About this exercise:
Give the data below again exactly, and drop each picture from it.

Data block:
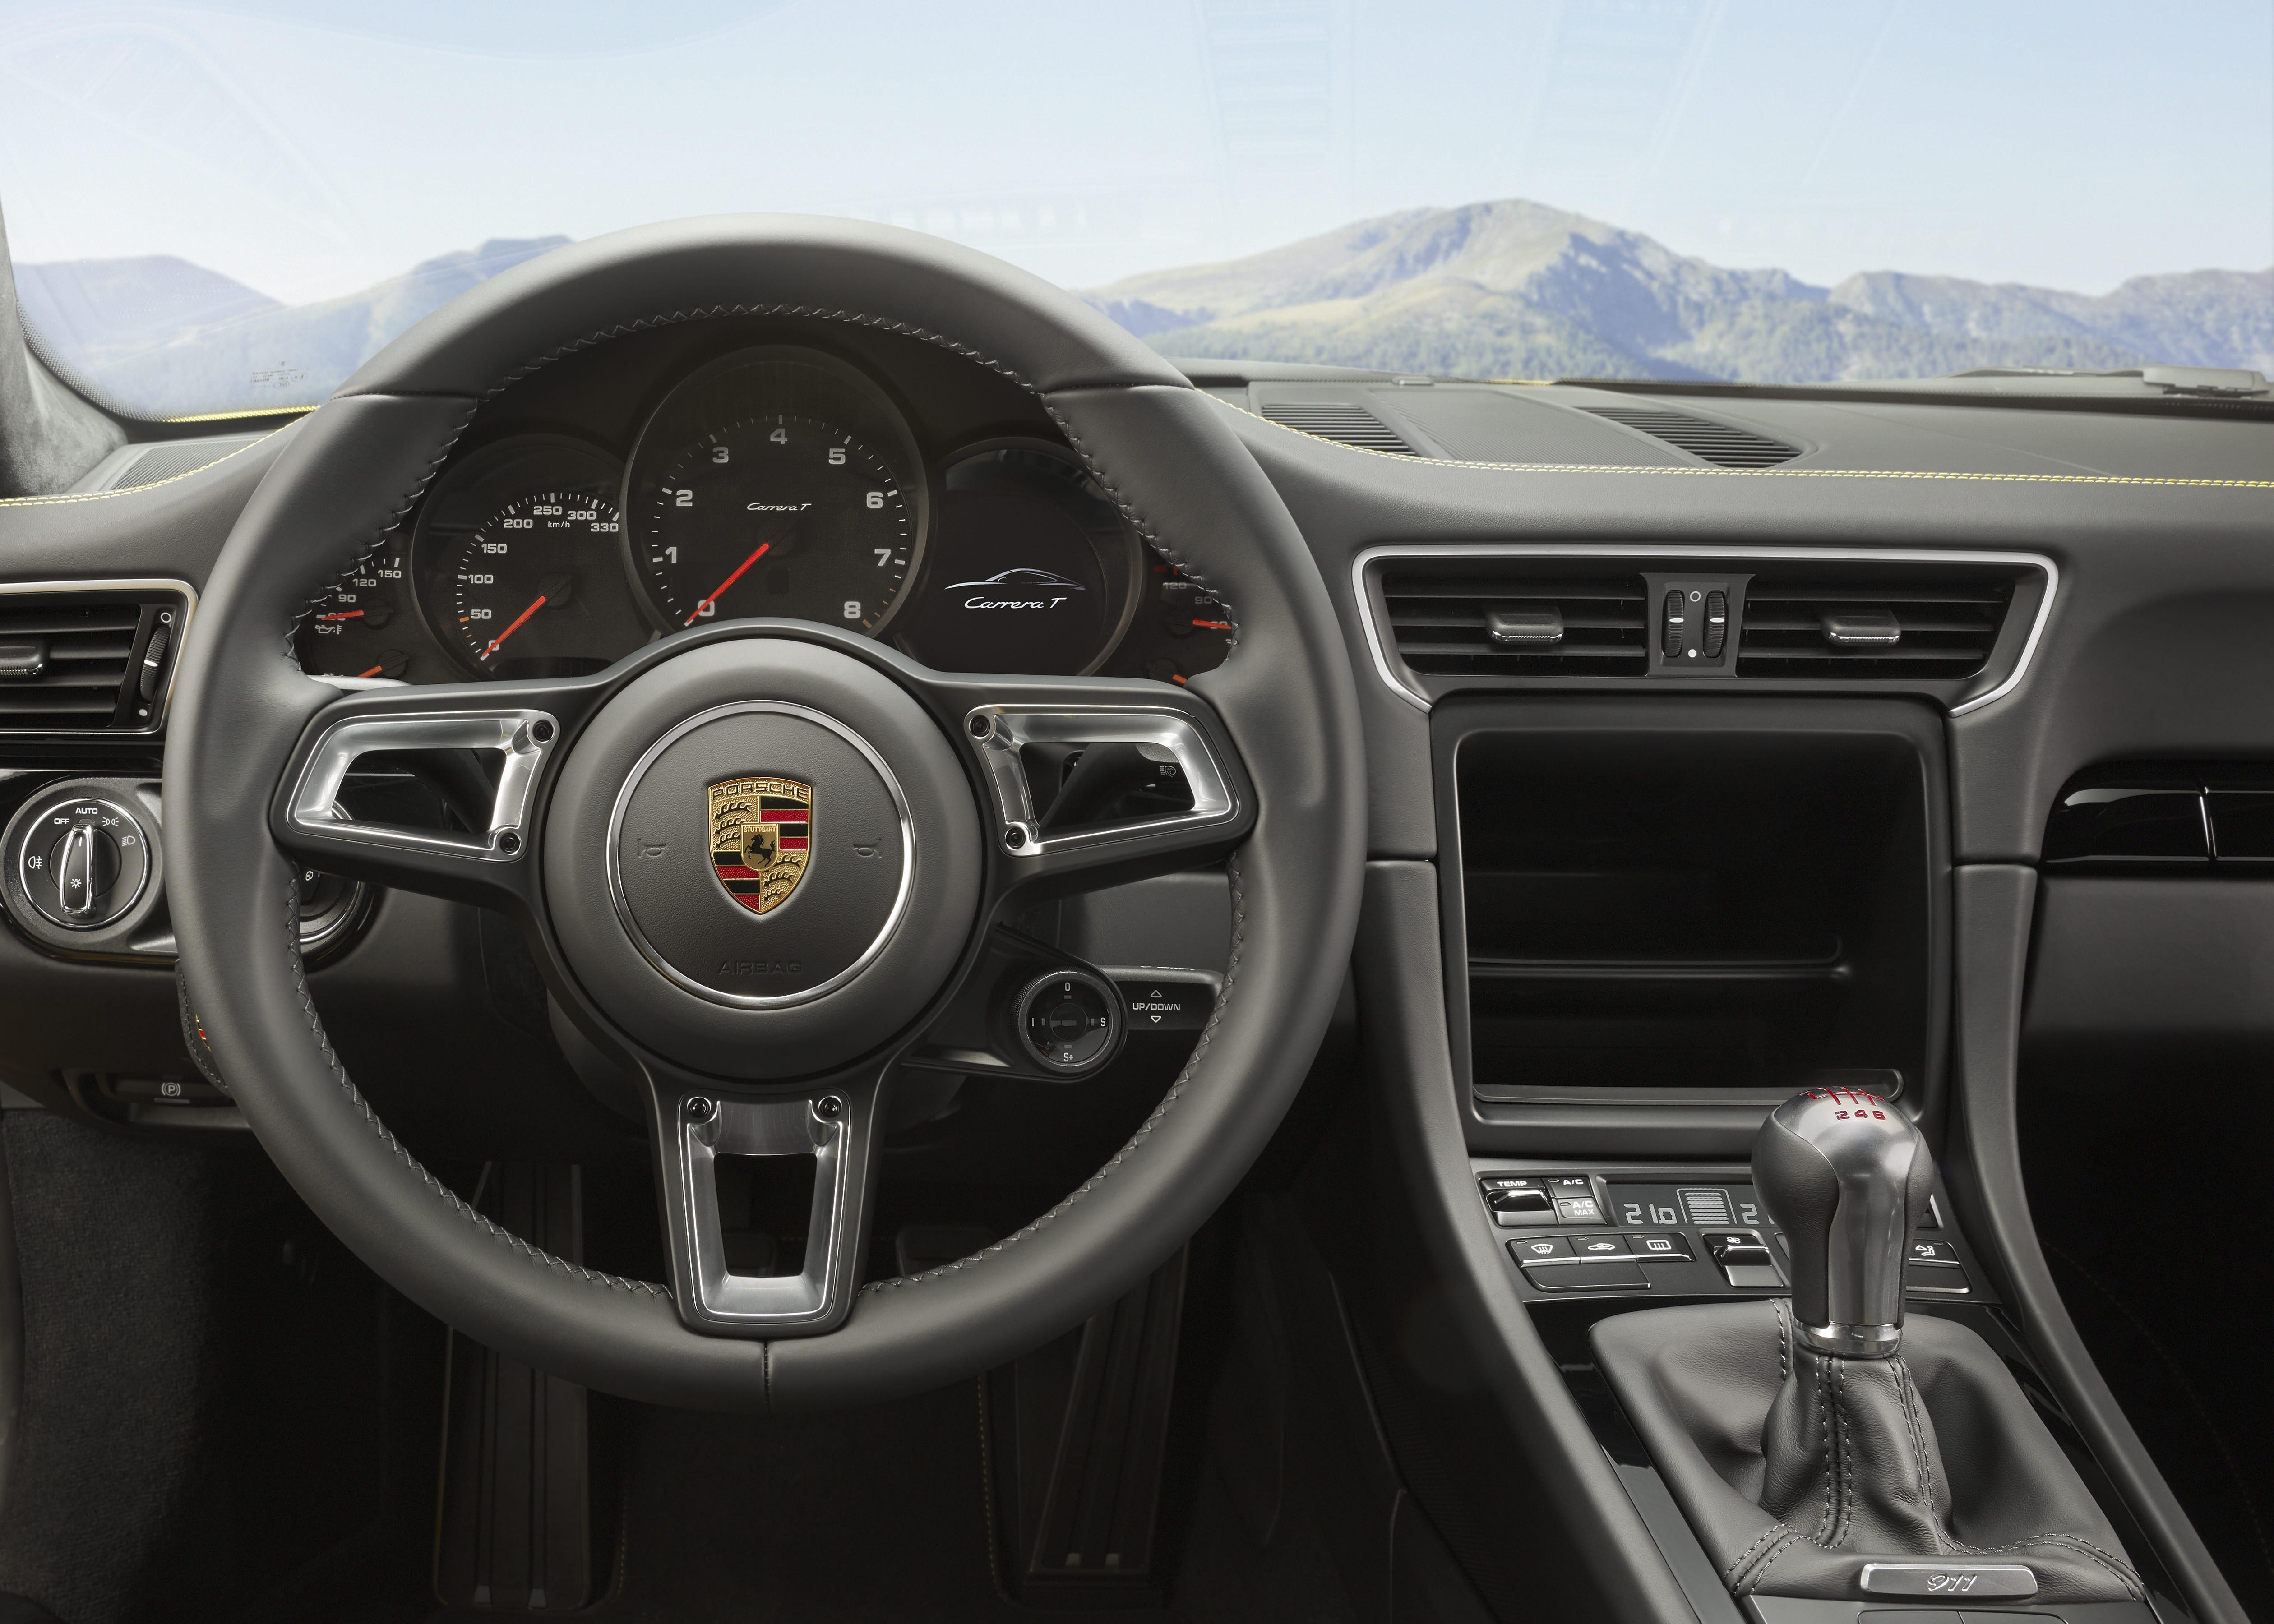 Porsche 911 Carrera T Direksiyon
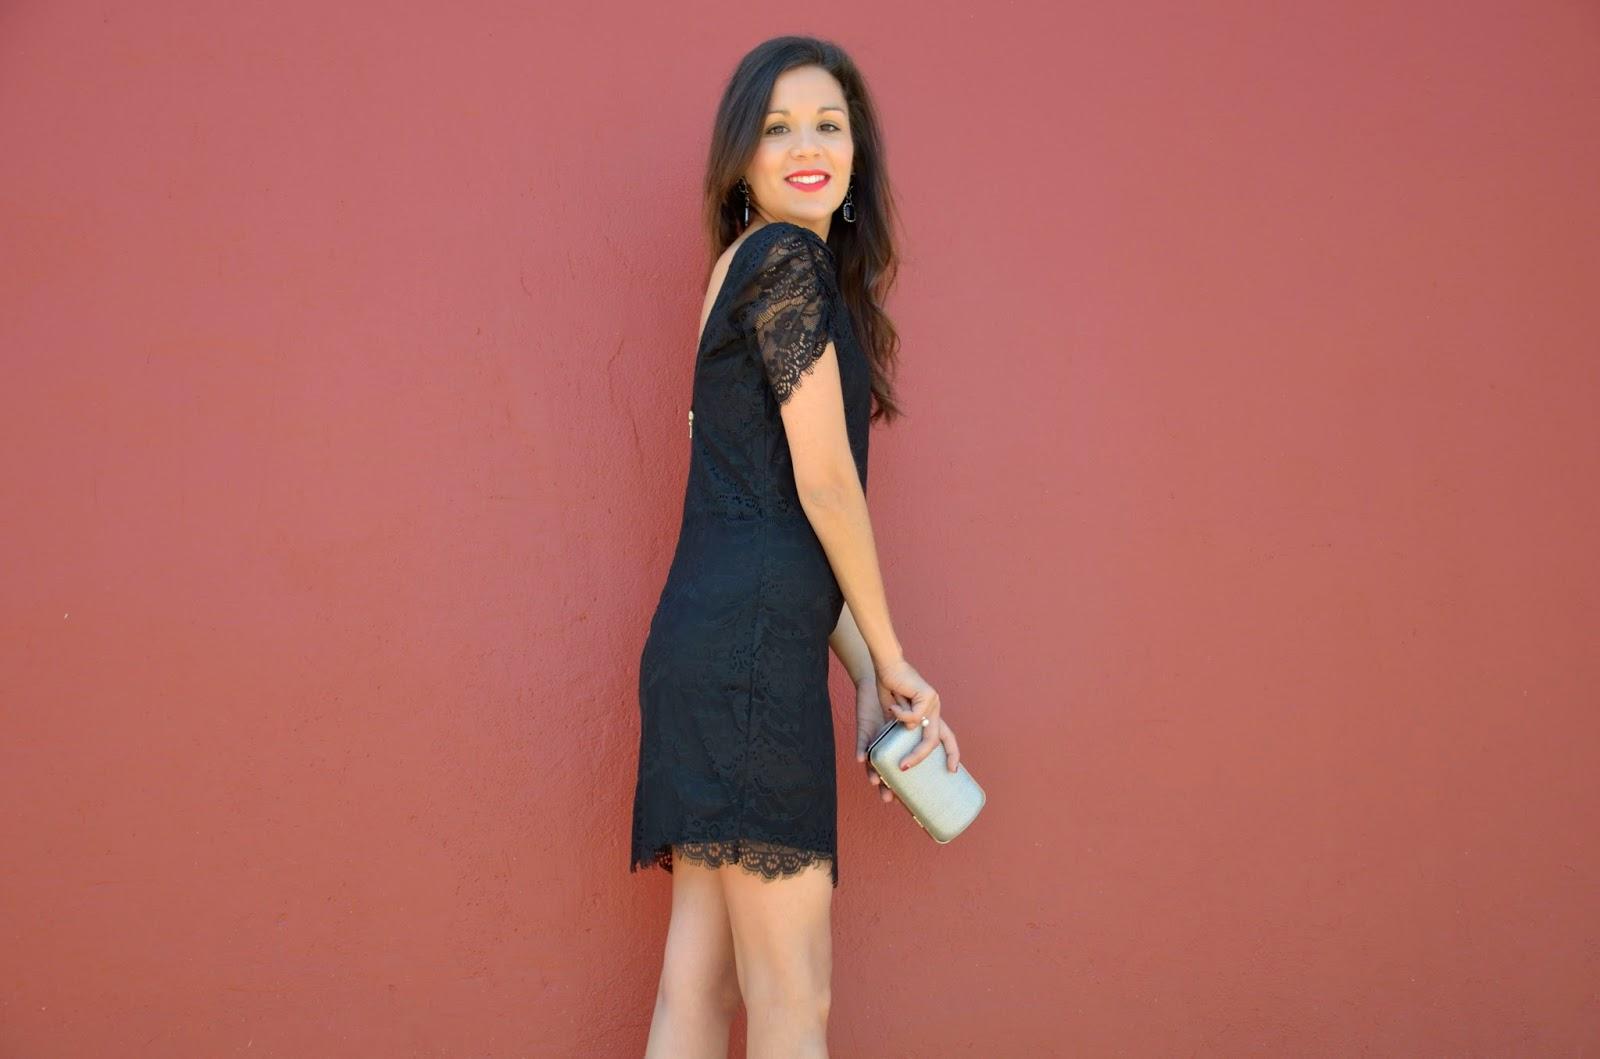 vestido-negro-look-elegante-sexy-black-dress-blogger f64ce48f842
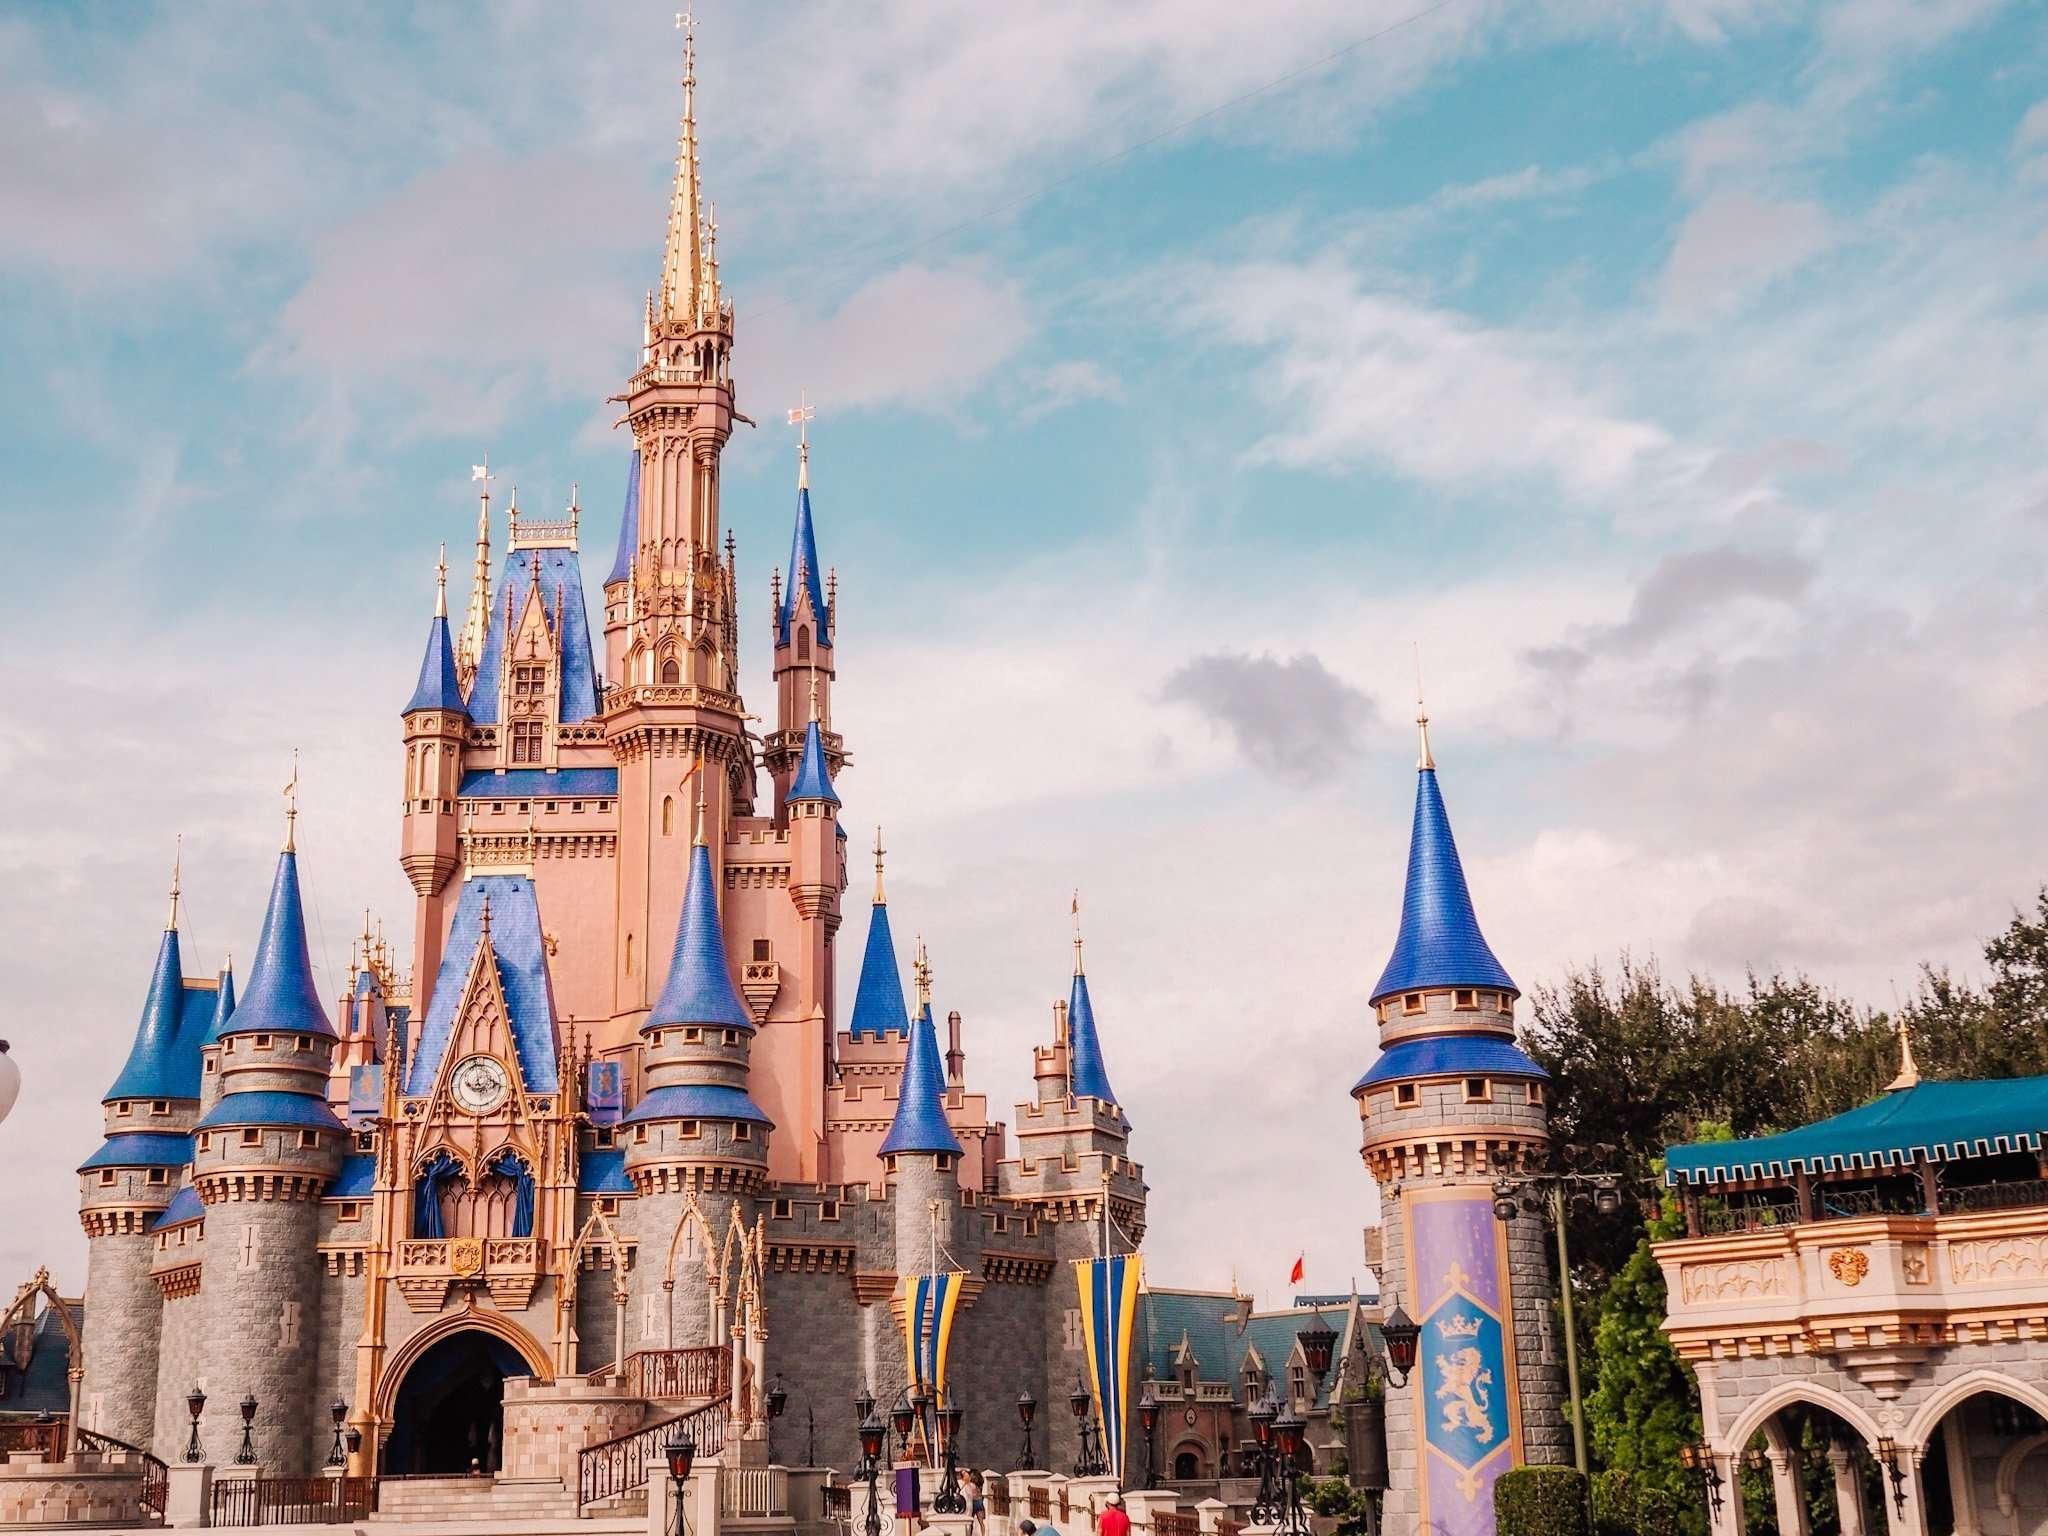 Planning a Walt Disney World Vacation in 2022

Answer for the task:
 Porsche 911 Carrera T Direksiyon
 vestido-negro-look-elegante-sexy-black-dress-blogger f64ce48f842
 Planning a Walt Disney World Vacation in 2022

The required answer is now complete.